Getting to work in a global office is extremely difficult. Usually, pleasant offices of such offices are located next to the horseradish of the city; necessarily, fitness will be very close. Going inside, young guards await you to give a badge. You come in and wait. You wait enough to make you want to go back. Perhaps this is part of the interview, but then there will always be something incredibly dumb. Basically, the questions, tasks and the interview itself as a whole will be dumb. Even now, it seems to me that such offices are looking for overly incomprehensible guys. I was lucky, they were looking for a reliable Linux user familiar with Bash and Python, fluent in AngularJS, able to quickly figure out an unknown NoSQL database and write REST in NodeJS. All this in 60 minutes. The bay leaves of this Full Stack soup were purely mathematical problems with perverse logic. In short I didn’t go through an interview surrounded by a lot of programmers and realized that I’m neither a mathematician, nor a programmer, nor a back-end driver, nor a front-end person who knows English, but a third-party person, an ordinary developer, who miraculously stopped surrounded by huge plasma screens, surrounded by geeks from the world and nerds. A sense of antisociopathy and tight deadlines came over me.

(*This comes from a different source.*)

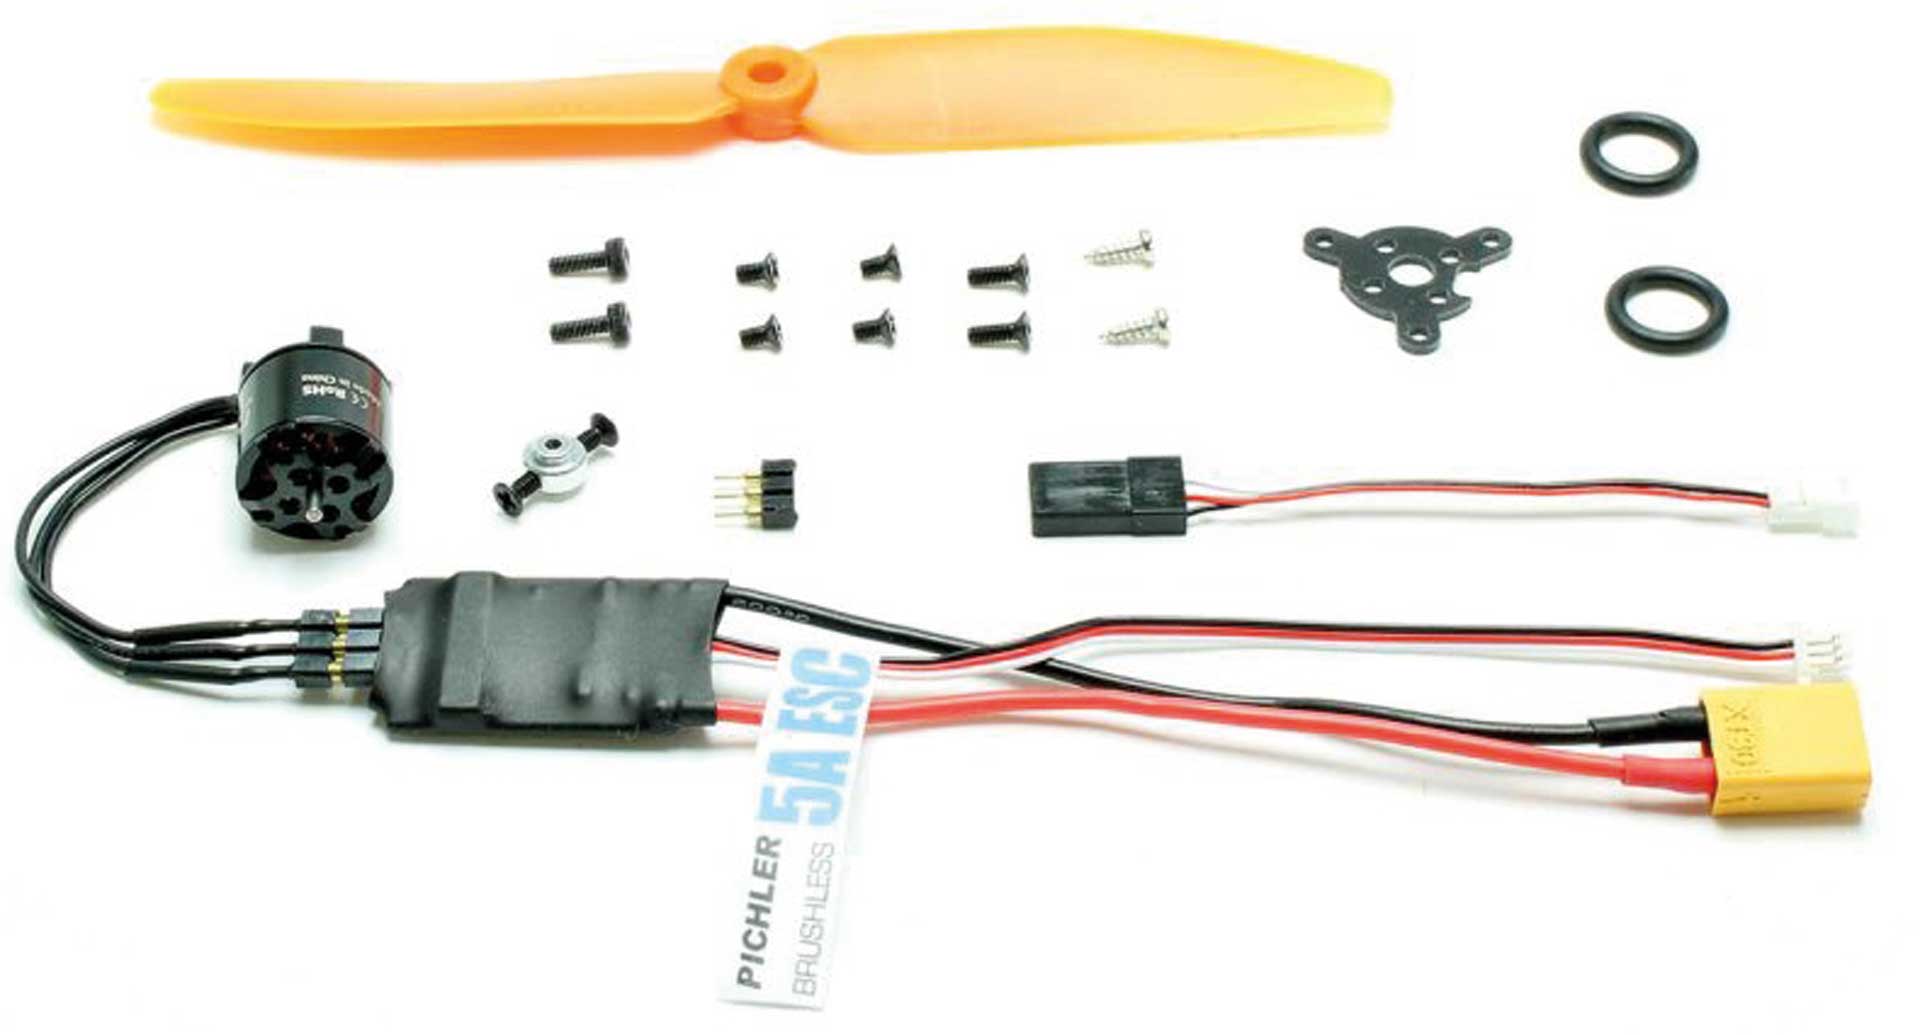 PICHLER Micro Sinbad drive kit

/ * Come early, get enough sleep until no one sees and leave early @ Laziness * /
I turned 23. I woke up as an adult, the realization that everything planned cannot be realized. The only true way in such a situation is to remove all unnecessary and leave only the most necessary; then what else do you use and what do you plan to use next. I started with the games catalog and deleted about a dozen tiles that I resolutely wanted to go through before. Then the programs that didn’t have time to isolate me went to the basket — these were musical sequencers and editors, for the training of which I still had no time. And more than ever I understood that life should be grabbed by the mane and run from what is holding me, to finally find something that is waiting for me. I did not have loans, mortgages and a regular girl. Nothing held me back. More truly held. I grew into this city, I was kept on projects at work and girls,

Every evening I returned to Vaska, every evening they were new people. At one point, I walked past a man dressed in a huge booter and stopped in thought. Turning my heads in different directions, I realized why. I realized how ridiculous the available technologies, mathematics, biology, chemistry are for marketing ideas ...

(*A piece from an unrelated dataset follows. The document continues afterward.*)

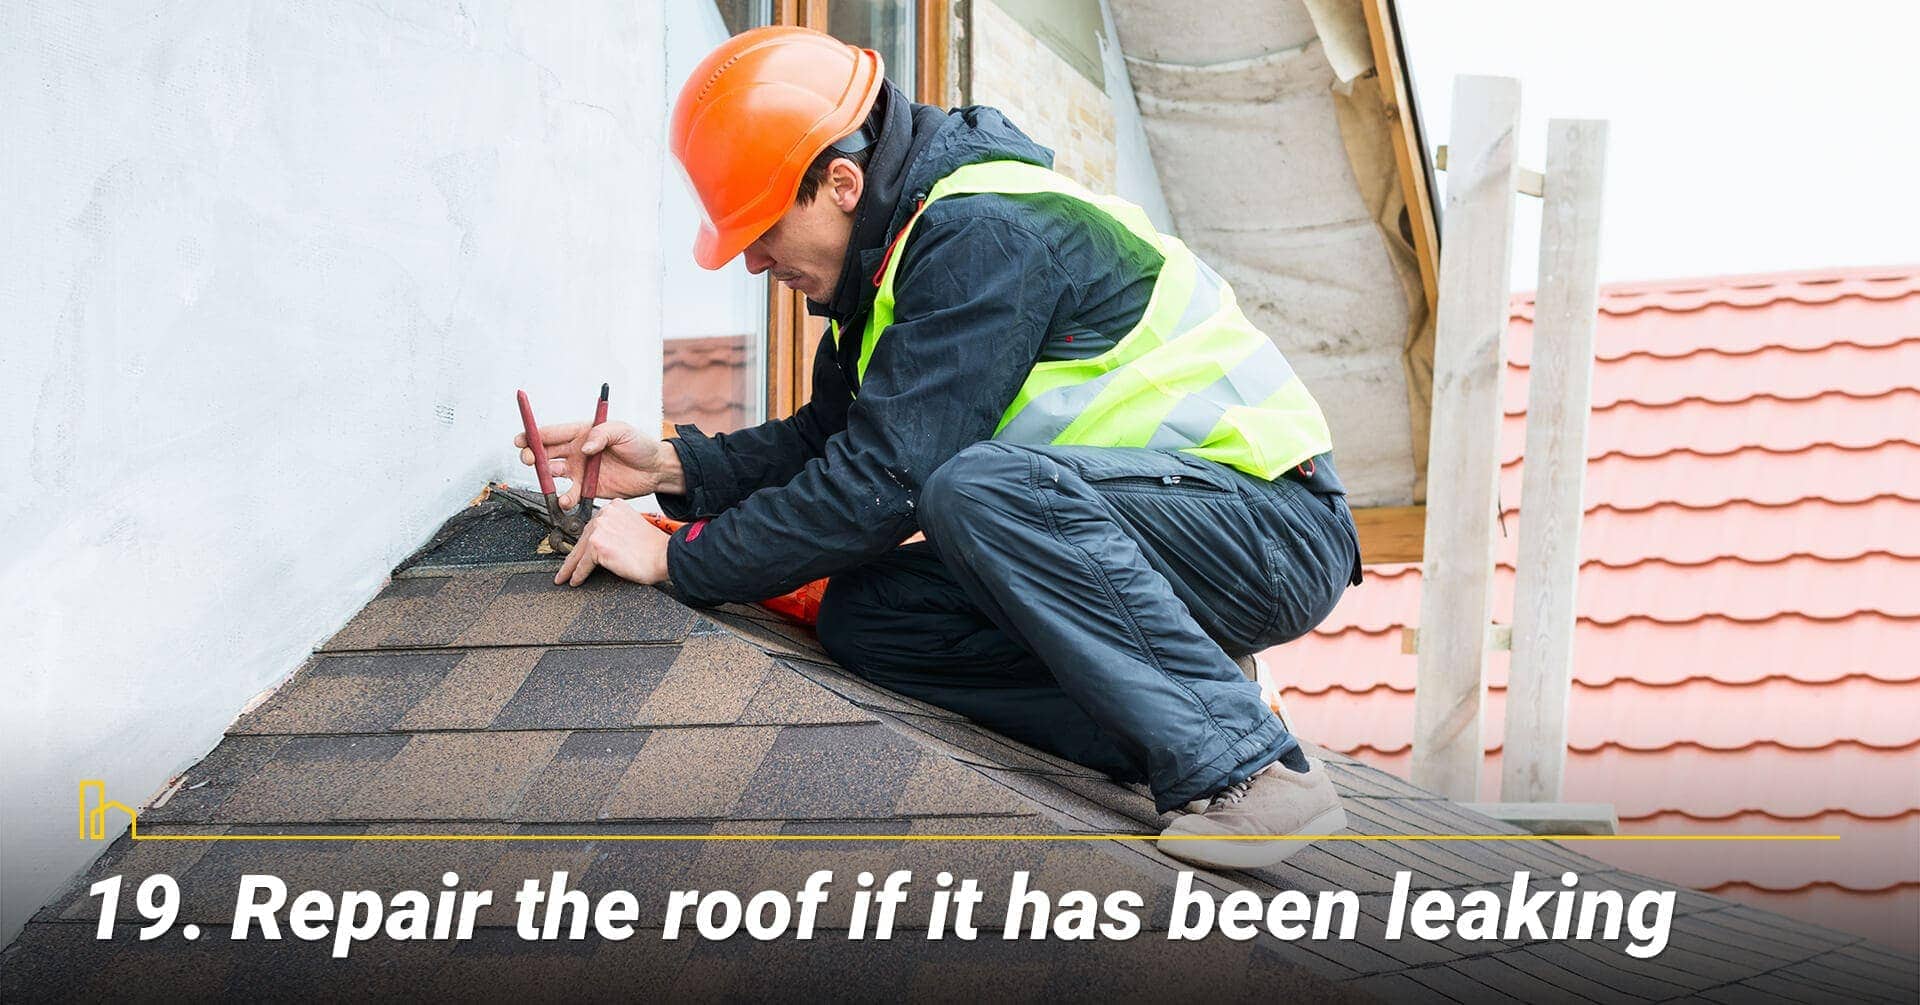 Repair the roof if it has been leaking, waterproof the roof

The project that I was doing for SmartTV ended, I was switched to iOS. Again C #, Unity3D (which I tried to learn when I was in 3rd year) and a completely new cloud backend for me. Less than a month passed and I was left alone in the project, finishing the application a year and a half ago with the lack of documentation, as in the good old days. In xCode I had no experience, and by that time there was no test device either. Continuation of the cycle, the first index of which was when I started making a game for SmartTV with only an emulator.

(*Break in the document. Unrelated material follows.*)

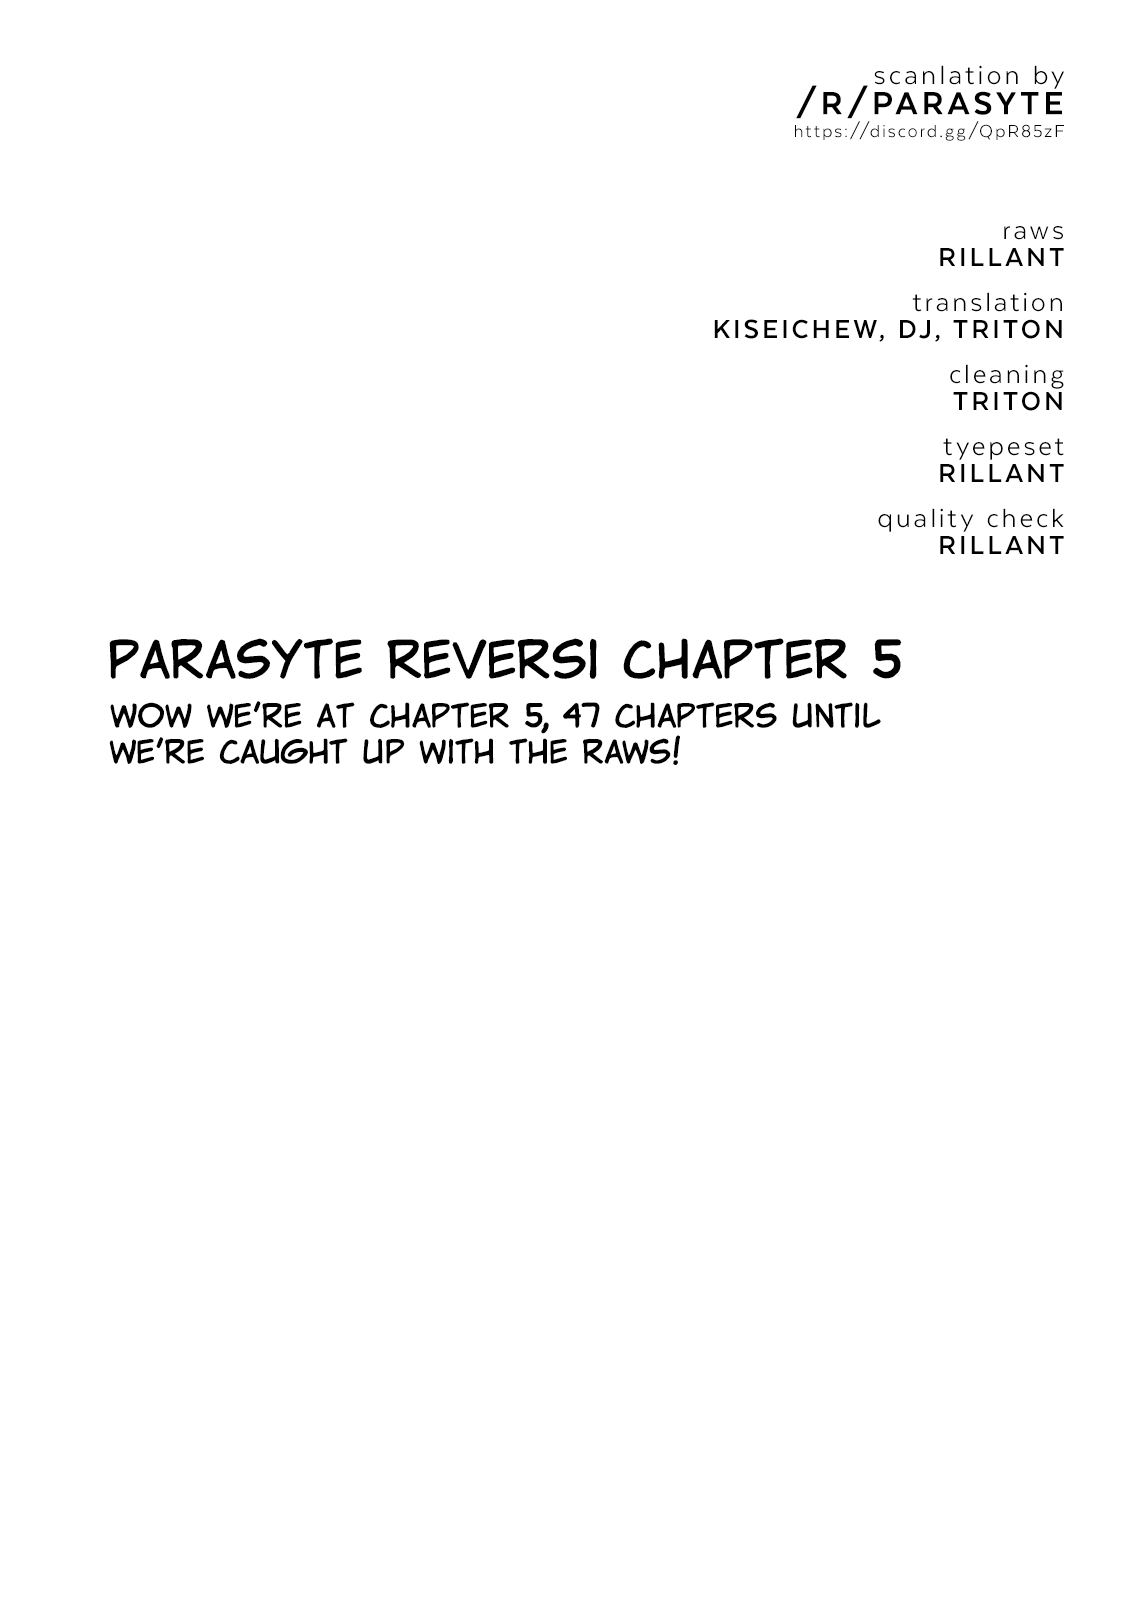 Parasyte Reversi Vol. 1 Ch. 5 Diablo III

/ * What is the use of it when your programmer cries? @Nonename * /
When the test device appeared, I figured out how much to do. So I realized that a good specialist always carries new devices and the latest OSes. And at home it has the same set of programs as at work.
/ * When I started writing this, only God and I understood what I was doing. Now only God remains * /
I want freedom, I want to live in my own apartment, I want to get to work on a bike in half an hour. But I have no desire to be hunched over for ten years for this. I send my CV to different offices, and thanks to a friend who works in a startup, I decide to go to them. All that I have is only me and this moment that separates me from my future. Although I was very attracted to work in a large office, in addition, again in the center, despite the promptings and persuasion of my colleagues and friends, I leave everything and go to start-up.

The result was a dramatic change of course: Peter was replaced by Moscow; game development on mobile platforms on C # gave way to a backend on NodeJS; a typical office man was transformed into a startup.